Prompt
Write out word for word the lines from the one holding "Und hier das" through the end of the data, and only those lines. Pictures stay out.

The data
=== Begin Enclosure ===

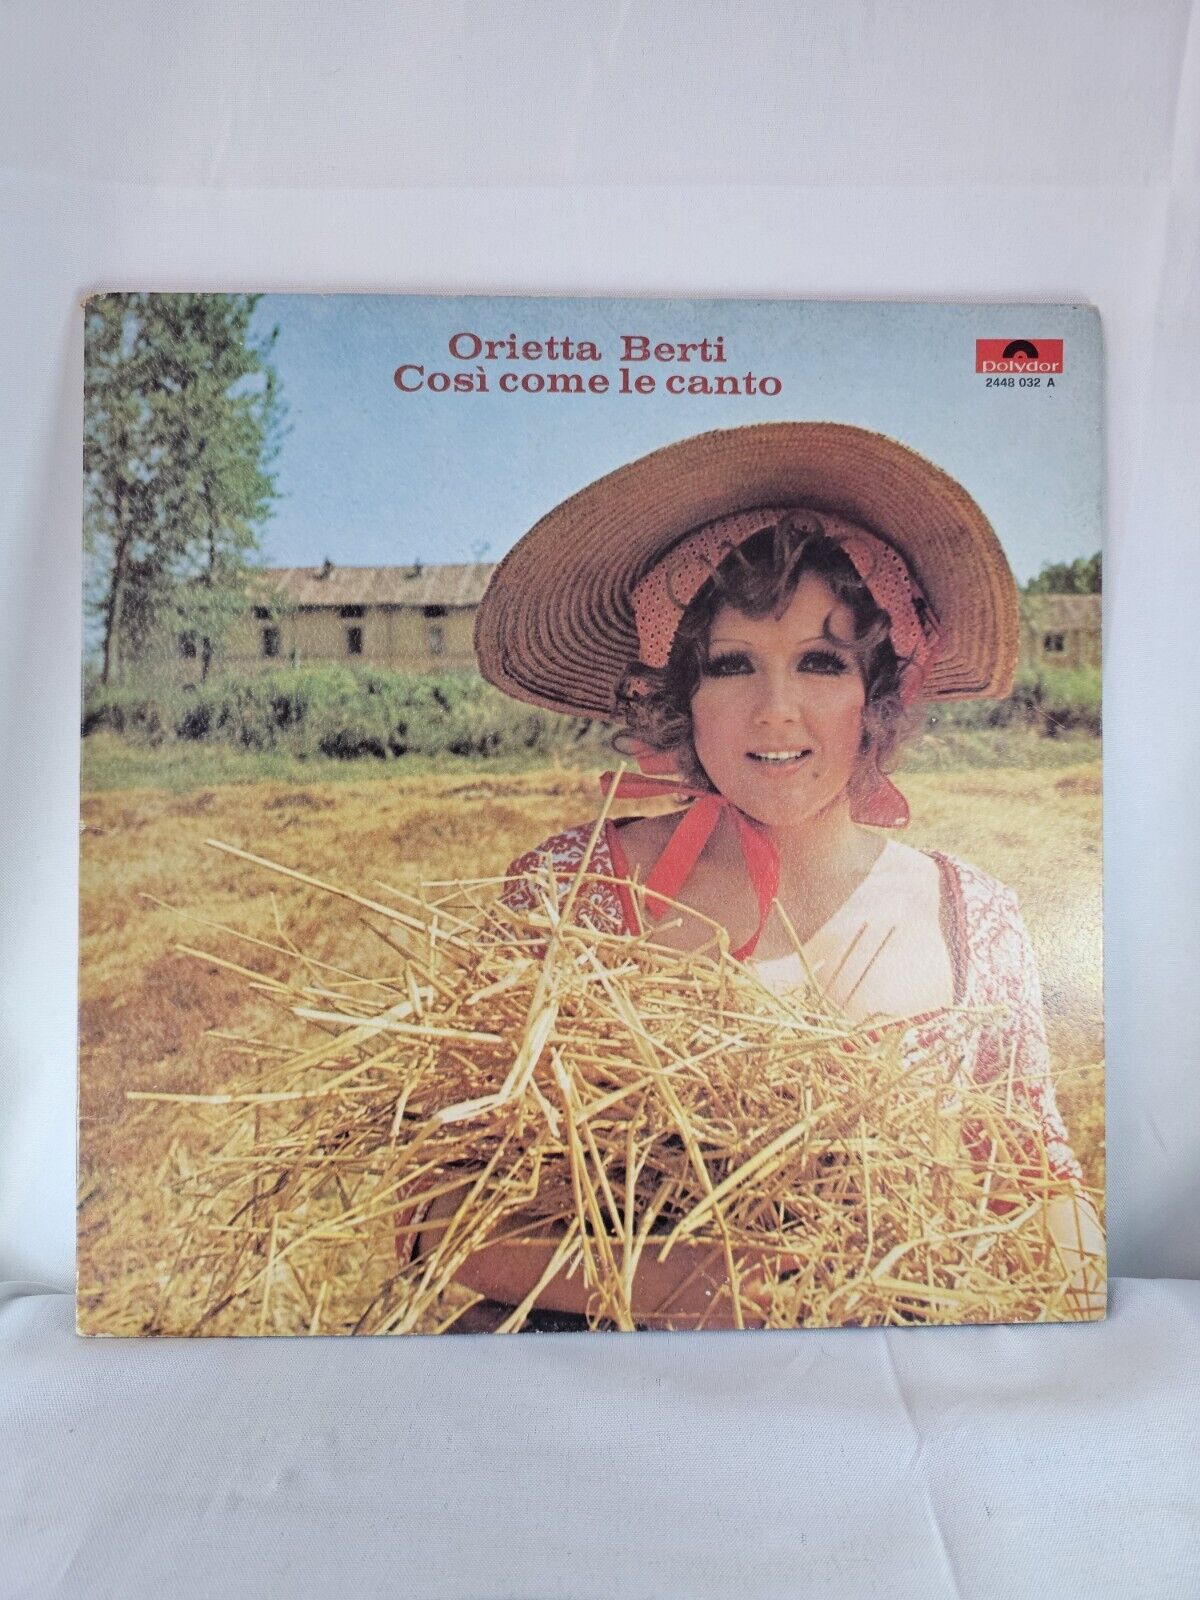 Orietta Berti: Cosi Come Le Canto [LP] 1974 Polydor Records Vinyl Album Italy
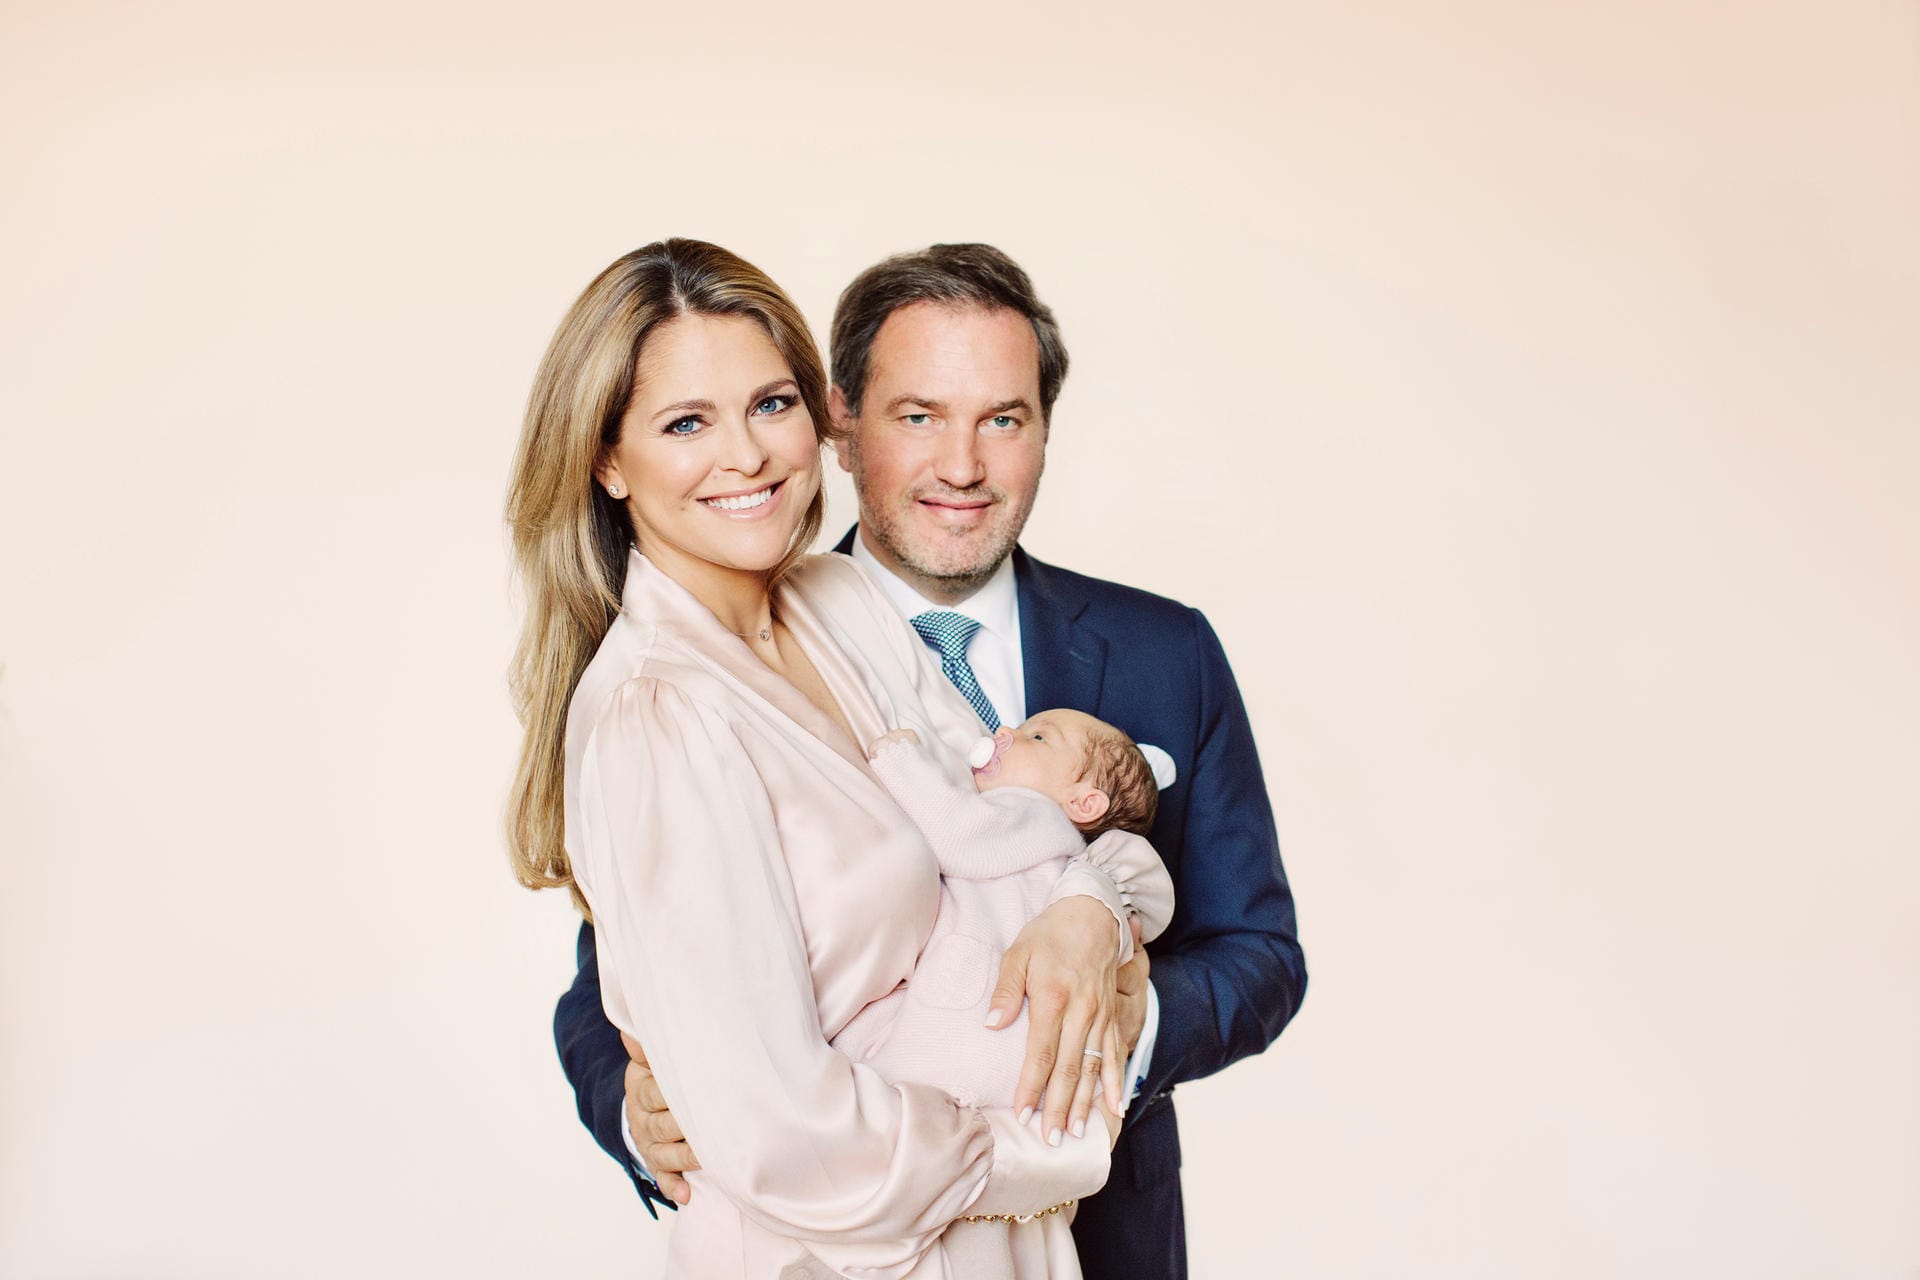 Und hier das Nesthäkchen mit seinen Eltern: Am 9. März 2018 brachte Prinzessin Madeleine ihre jüngste Tochter Adrienne zur Welt.
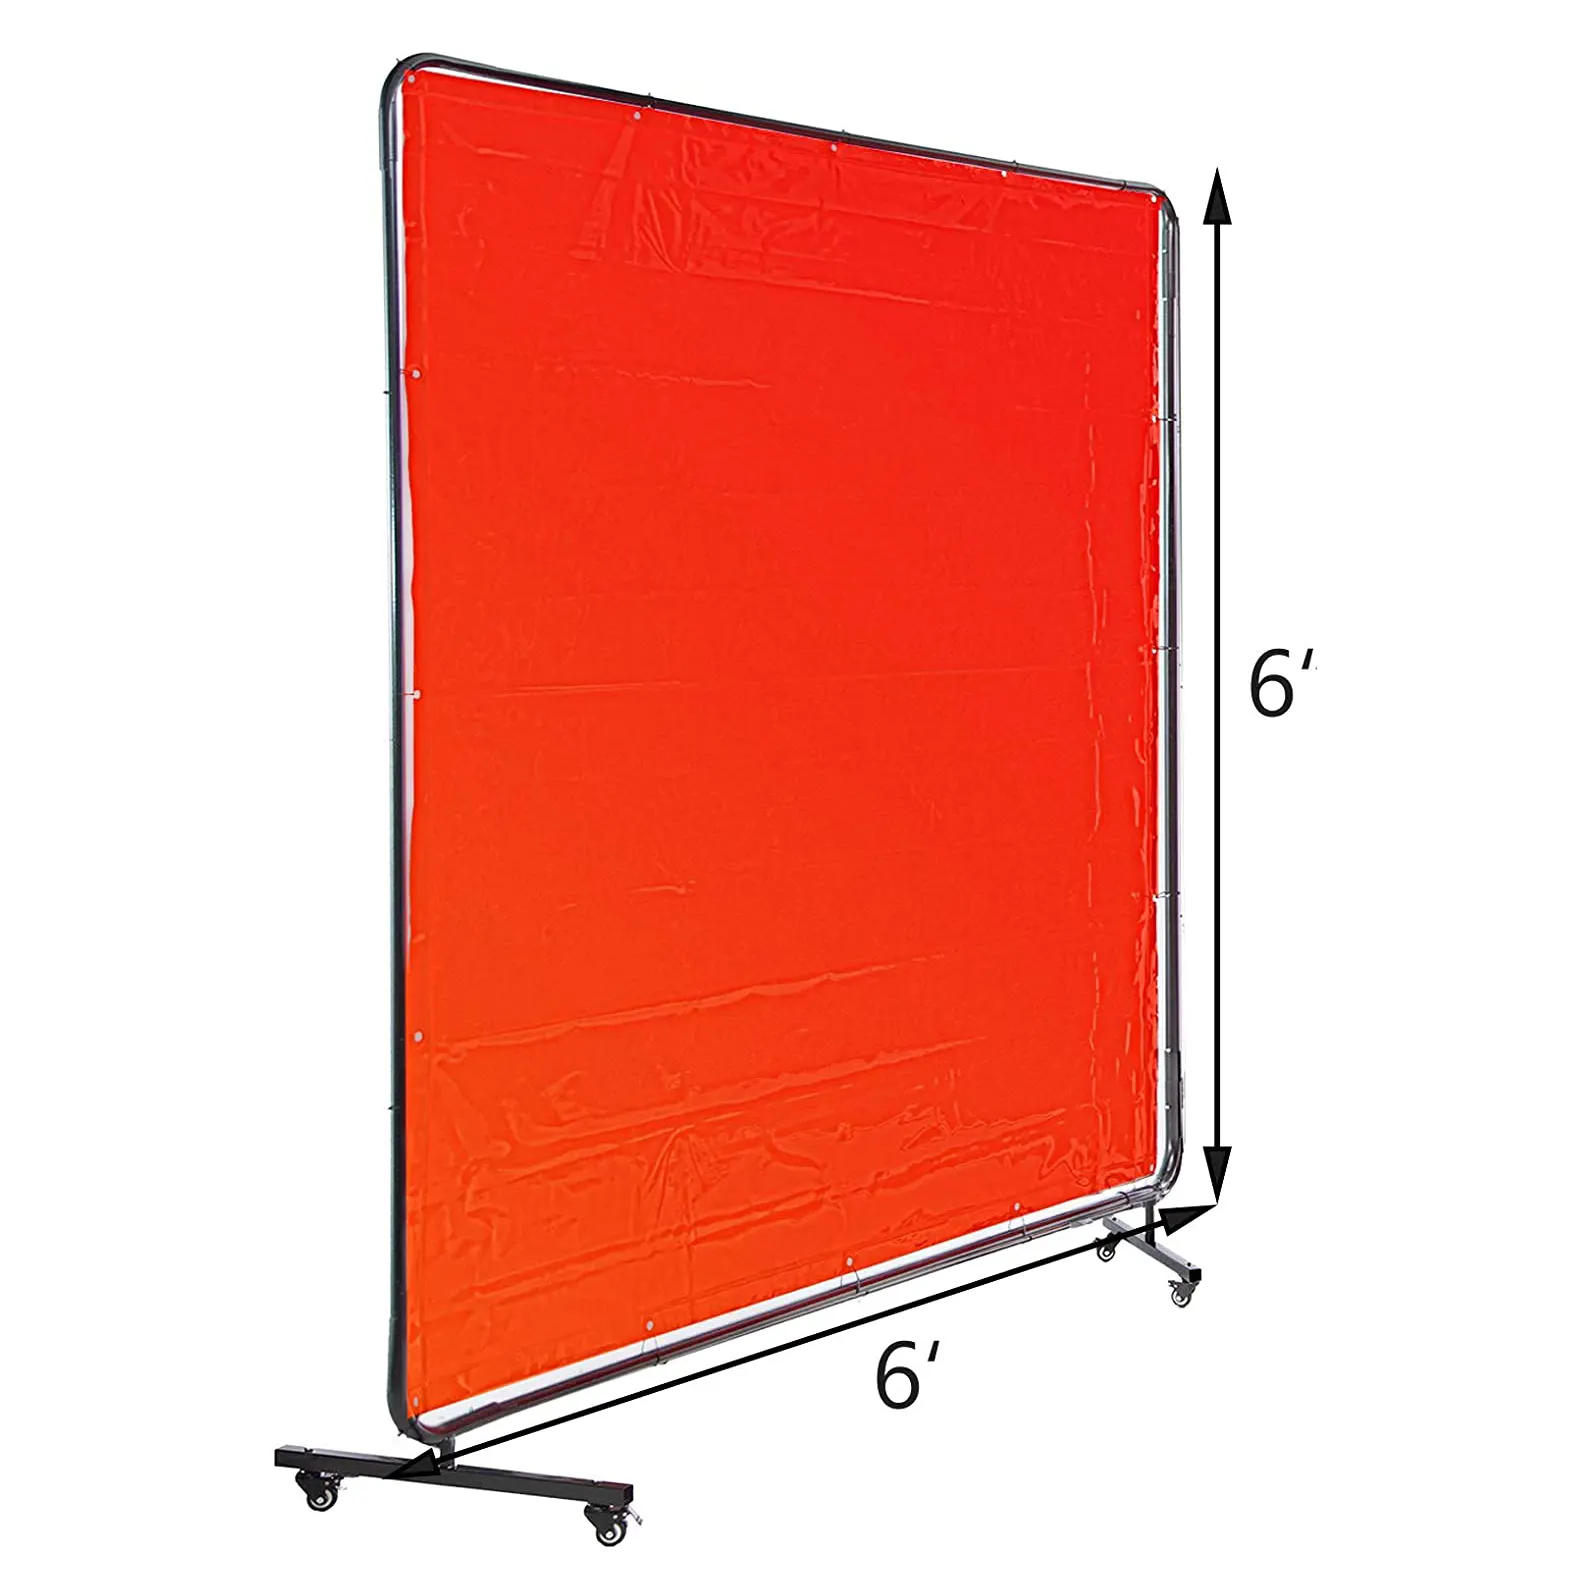 Schermo per saldatura 6 'x 6' tenda per saldatura in PVC con protezione per saldatura quadrata con cremagliera in metallo

=== End Enclosure ===

Output
 Und hier das Nesthäkchen mit seinen Eltern: Am 9. März 2018 brachte Prinzessin Madeleine ihre jüngste Tochter Adrienne zur Welt.
 Schermo per saldatura 6 'x 6' tenda per saldatura in PVC con protezione per saldatura quadrata con cremagliera in metallo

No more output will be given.